Меж тем монах Куй и Лей по прозвищу Яшмовый Таз проследили все, что случилось. И когда стражники вели Друкчена и Цыси в тюрьму, они уже докладывали остальным удальцам обо всем происшедшем.
Разбойники собрались в доме Друкчена, налили себе вина и стали думать, как лучше поступить.
— Ничего мы не надумаем, кроме того что надо вести сюда воинов из Луняна! — сказал монах Куй.
— Отправляемся туда немедля!
— Все?
— Нет.
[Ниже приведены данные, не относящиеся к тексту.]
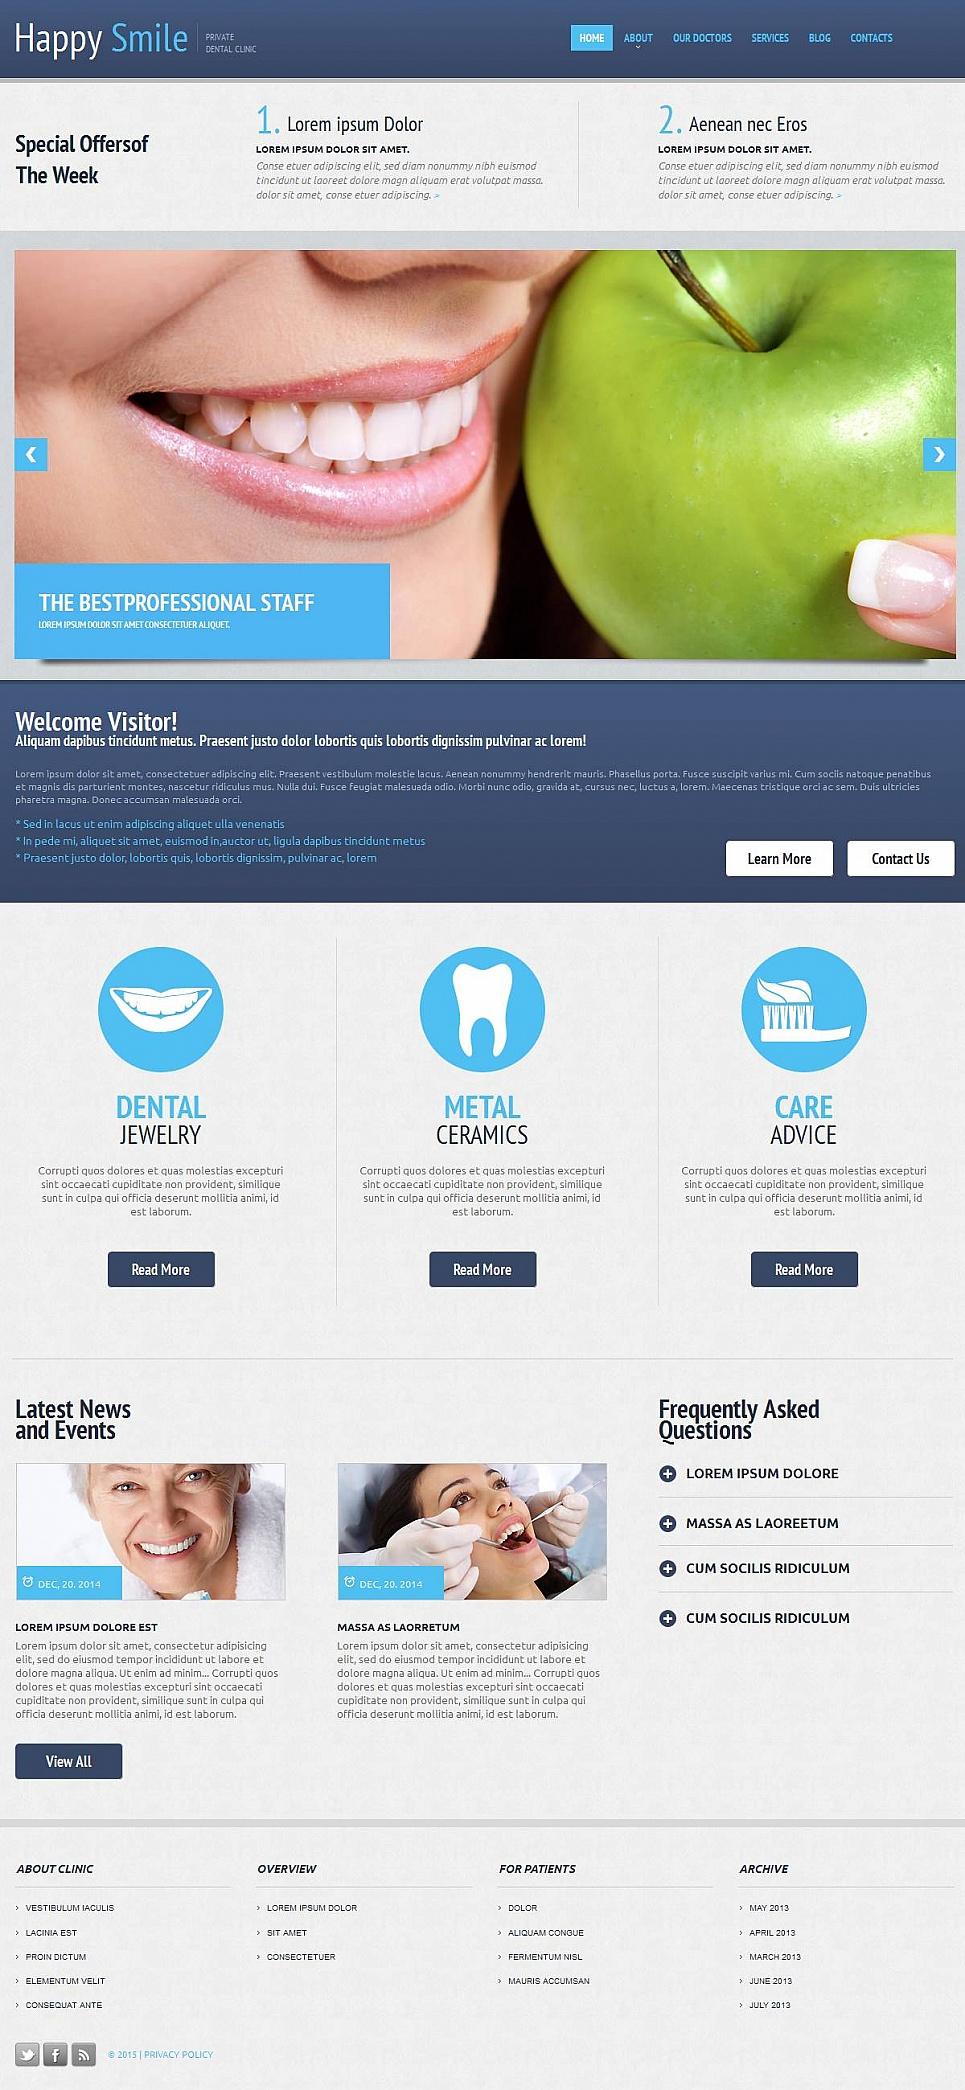 Complete Dentist Website Design - image

Пусть Жуй и Лей подойдут к тюрьме под видом нищих и выведают про то, как содержатся Друкчен и Цыси и в каких камерах.
— Хорошо.
И разбойники начали претворять в жизнь свой план.
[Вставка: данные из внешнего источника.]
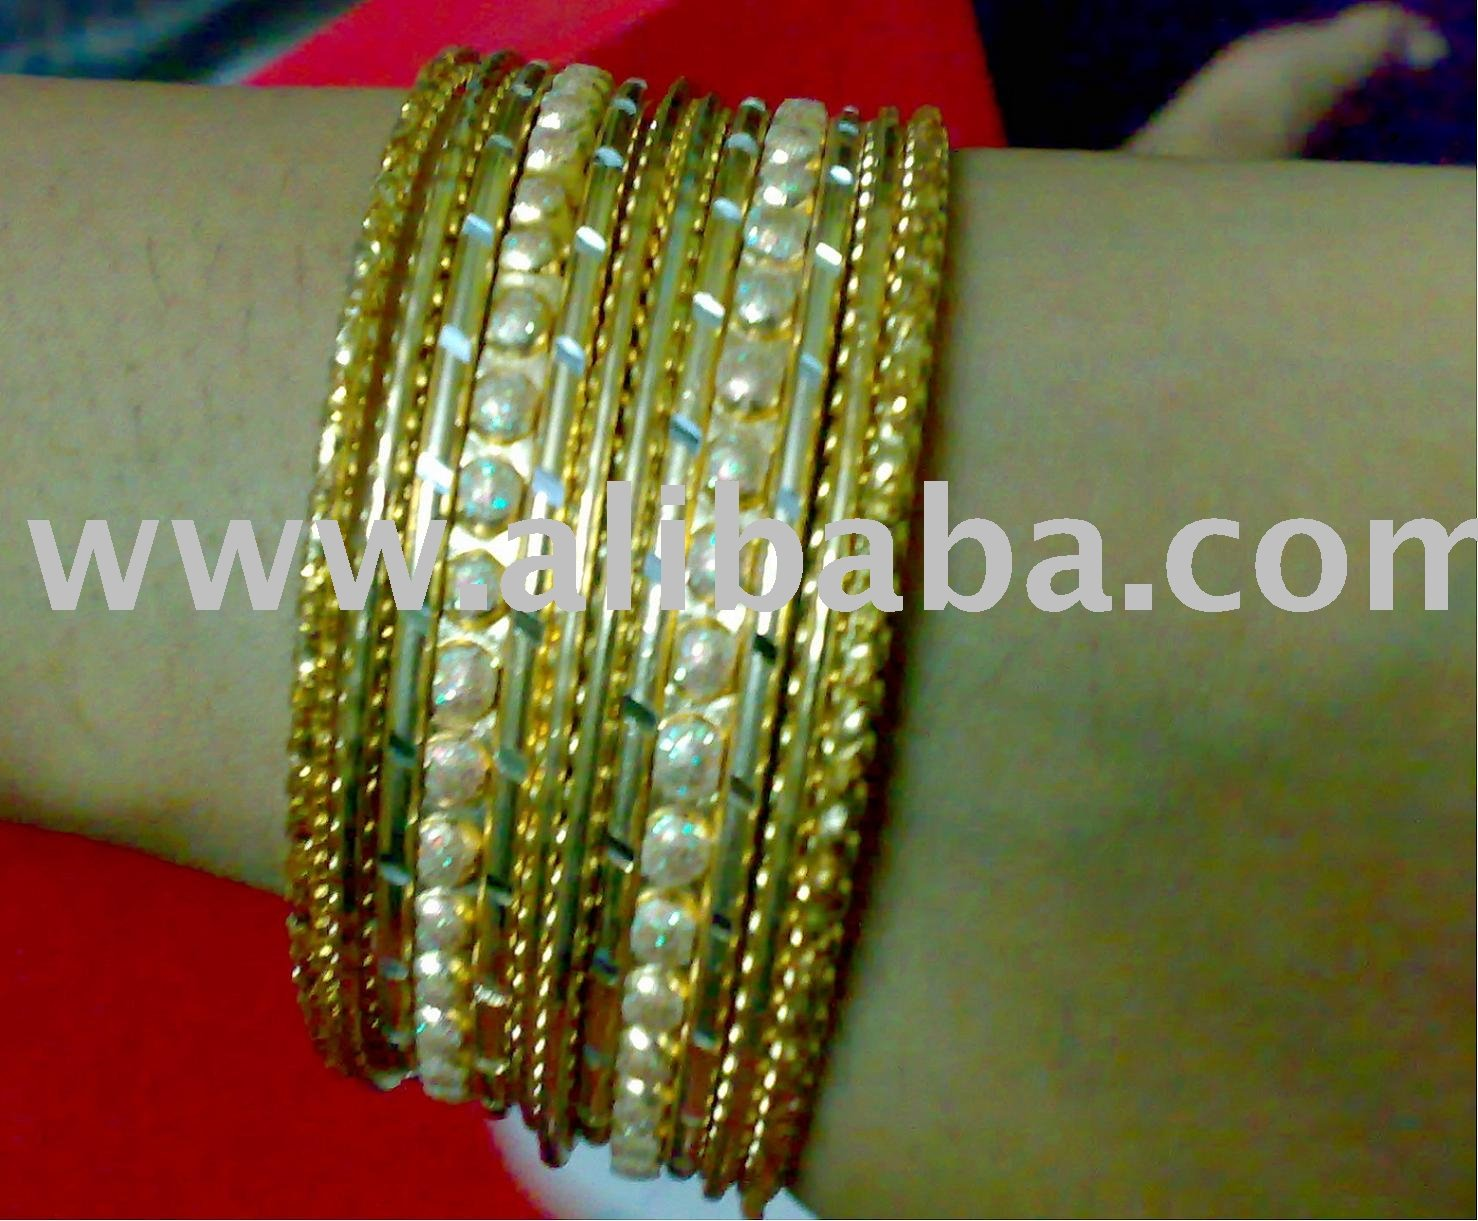 Wholesale Indian Metal Aluminium Bangles, Wholesale Indian Metal ...

Меж тем Ченцэ, донельзя довольная своей хитростью, совершила омовение, оделась в лучшие одежды и украшения, умастила голову благовониями, насурьмила брови и приказала няне подать ей паланкин. Паланкин подали, и принцесса отправилась в главный дворец, где находились ее названые родители император Эли и императрица Ен.
Они играли в мацзян, когда им доложили о том, что во дворец прибыла принцесса. Император и императрица немедленно оставили игру и вышли в малый парадный зал. Там их дожидалась принцесса Ченцэ.
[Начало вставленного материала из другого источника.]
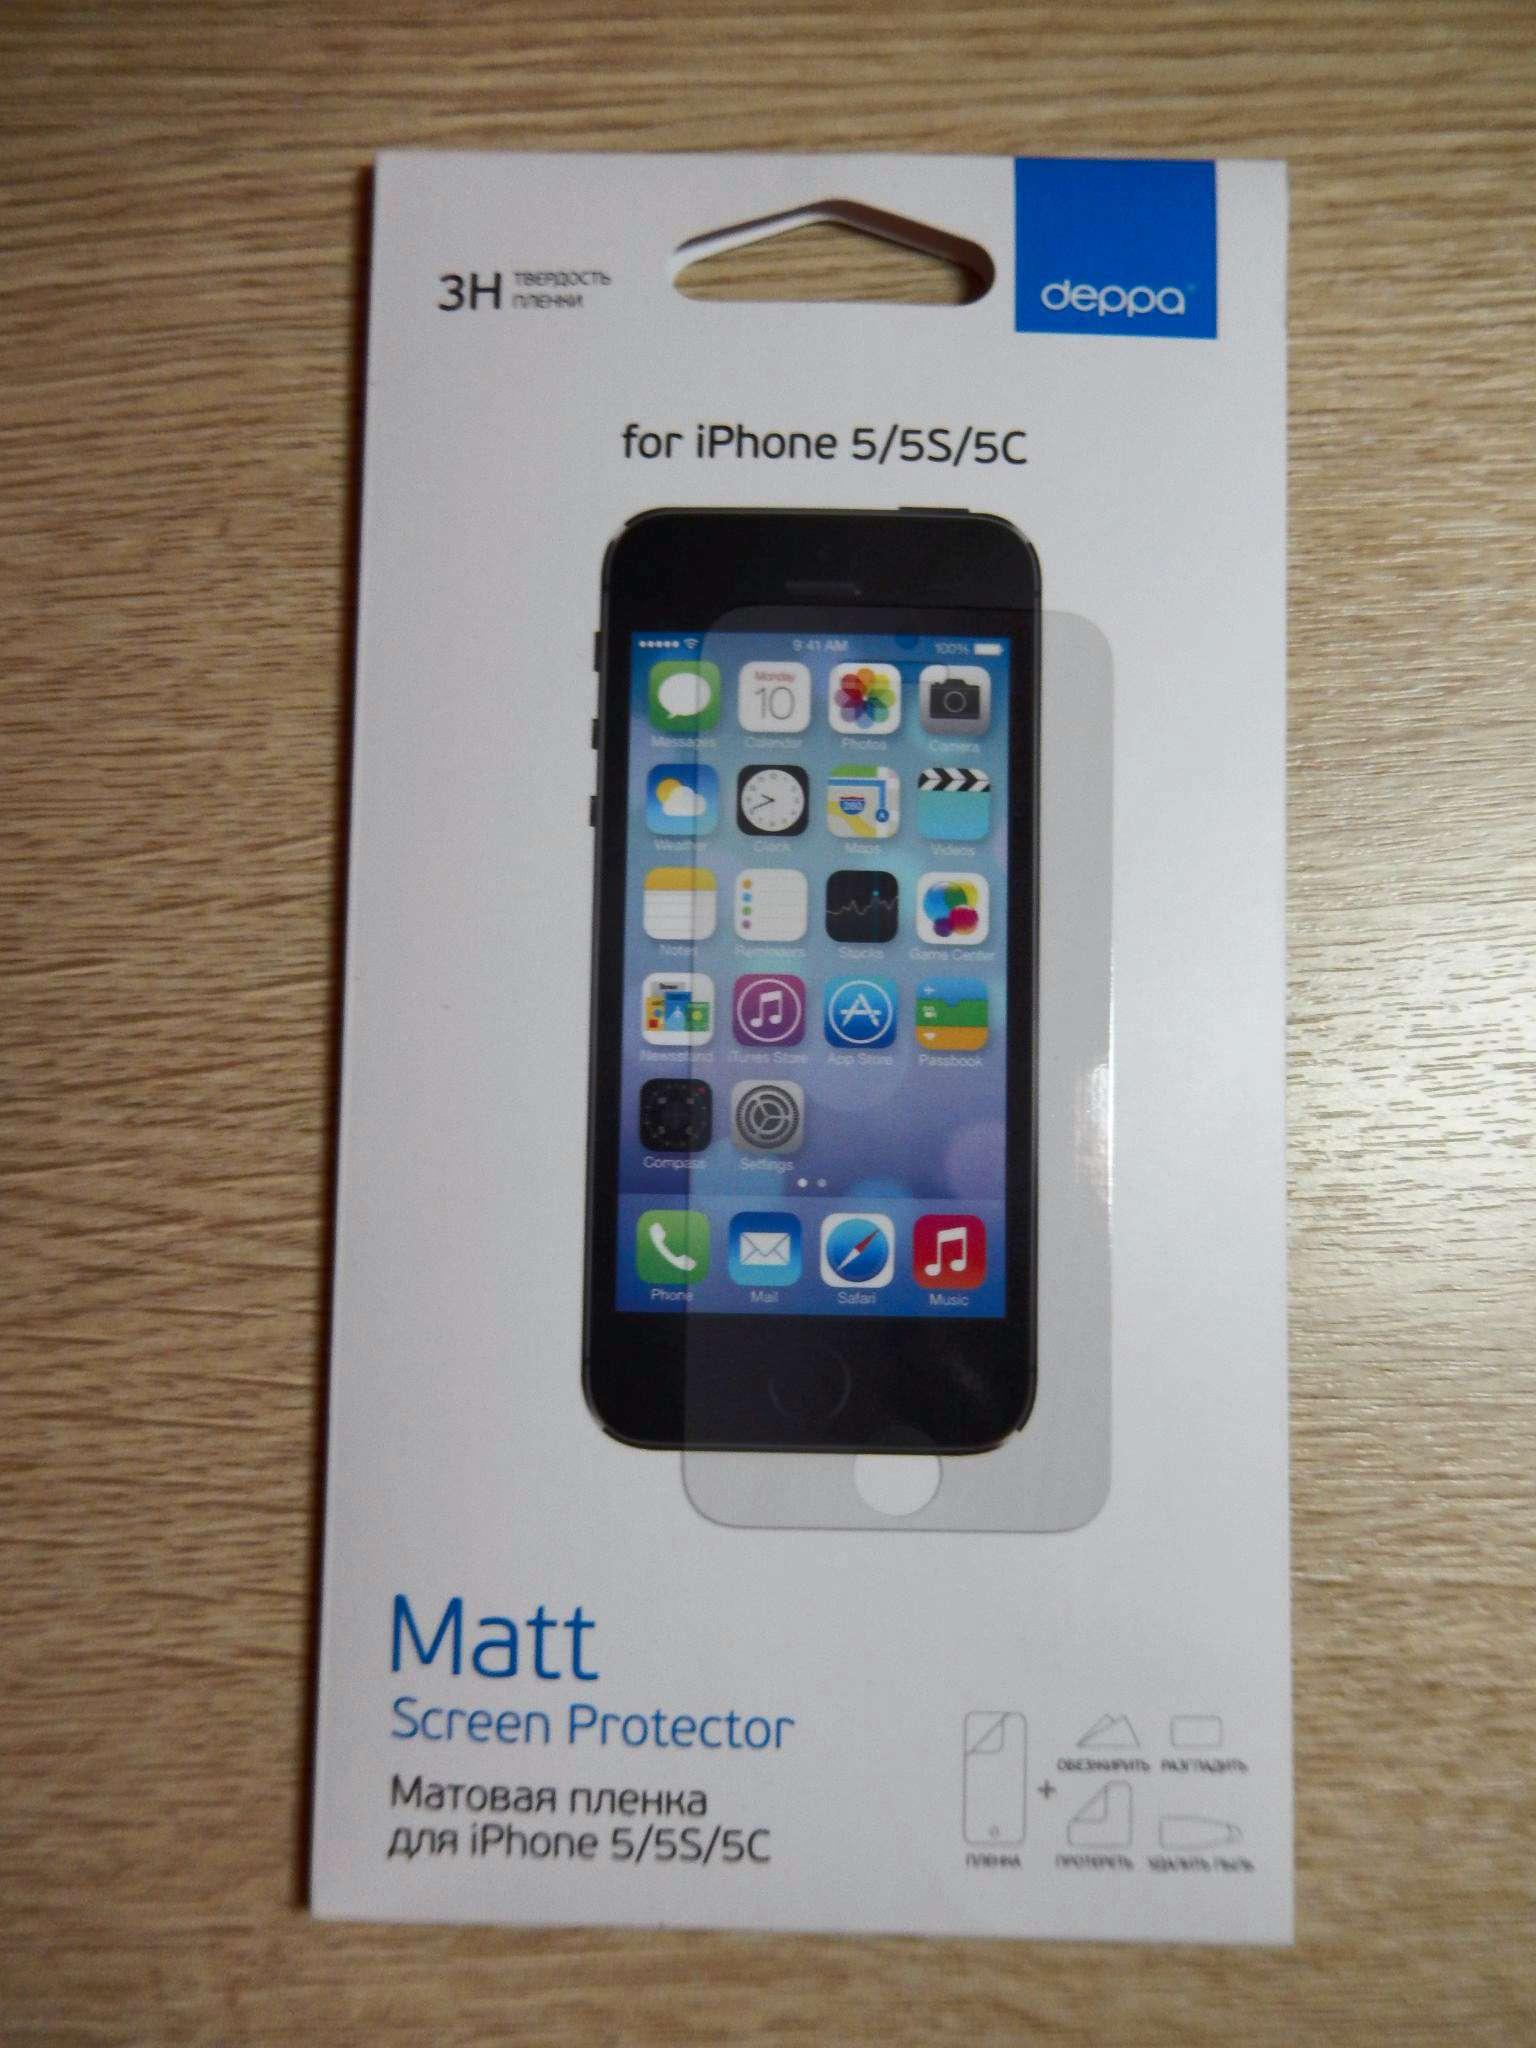 Батарея-чехол для IPhone 5 - wellamart.ua

— Приветствую вас покорнейше, мои всесветлые родители! — Принцесса опустилась на колени и коснулась лбом пола.
— Негодная! Распутница! — вскричала императрица. — Как смела ты покинуть свое жилище и явиться пред наши очи?!
— Постойте, почтенная супруга, — сказал мудрый император. — Наша дочь, сколь распутна бы она ни была, все же знает правила внутреннего распорядка и не стала бы их нарушать из мелочи. Видимо, случилось что-то важное. Чадо тьмы, мы повелеваем тебе встать и сказать нам, что привело тебя сюда.
— О мои достойнейшие родители, чьи светлейшие имена я страшусь назвать под страхом смертной казни, — начала принцесса. — Я осмелилась нарушить ваш покой лишь потому, что у меня есть новость.
— Какая же это новость? Говори.
— Сегодня я предавалась молитве и посту, прося богов смягчить мое наказание. И вот моя няня вошла в молельню и сказала, что меня ждут купцы, привезшие мне различные дары. Я вышла к ним — и что же увидела?
— Что?
— Что?
— Никакие это были не купцы. Это был негодяй Друкчен, который и обесчестил меня!
— Дитя, — нахмурила брови императрица, — но раньше ты говорила, что Друкчен — человек, который спас тебе жизнь в огненной колеснице.
— Да, все так. Но однажды произошло между нами вот что. Друкчен уже был здоров, и я отправилась с ним подобрать ему хорошее жилище в Чакравартине. Мы нашли дом — он выглядел очень достойно. Мы вошли в этот дом, осмотрели его, и вот в спальне в Друкчена словно вселился злой дух. Он повалил меня на кровать и осквернил меня. Теперь же он явился со своей подружкой, чтобы вообще убить меня! Свидетели не солгут, все, бывшие со мной, видели, как она выхватила кинжал!
— Дочь, ты рассказываешь ужасные вещи!
— Поверьте мне, я не лгу!
— Мы верим тебе, дитя, — сказала императрица. — Виновника предадут страшной казни.
— Да, но это не вернет тебе расположение принца Нампхона.
— Государь, принц Нампхон не единственный, кто добивается расположения нашей дочери. Найдутся и другие, менее разборчивые. Вот, например, князь Бажан. Он богат, у него хорошая родословная.
— Но он только князь!
— Ничего. Он зато не будет капризничать по поводу того, что его невеста не девственна.
— Почтеннейшие мои родители, — сказала принцесса Ченцэ. — Что вы прикажете мне делать теперь?
— Возвращайся в свои парадные покои, арест с тебя снимается. Готовь приданое, мы же напишем письмо князю Бажану.
— А что будет с растлителем и его подружкой?
— Их предадут казни, самой лютой, какую только можно выдумать. С них живьем будут снимать кожу и натирать солью.
— Отлично, — сказала принцесса Ченцэ. — Это смоет мой позор.
Она тихо улыбнулась, затем склонилась в глубоком поклоне перед родителями.
— Нет, я не отдам мальчика! Заклинаю Дианой и Цернунном!
— Эти боги ничего не значат, — засмеялся Мара. — Они слишком молоды, чтобы называться богами.
И он пронзил мечом грудь Леканта, пригвоздив того к земле. Дхиана охватило зеленое пламя, он закричал, сгорая.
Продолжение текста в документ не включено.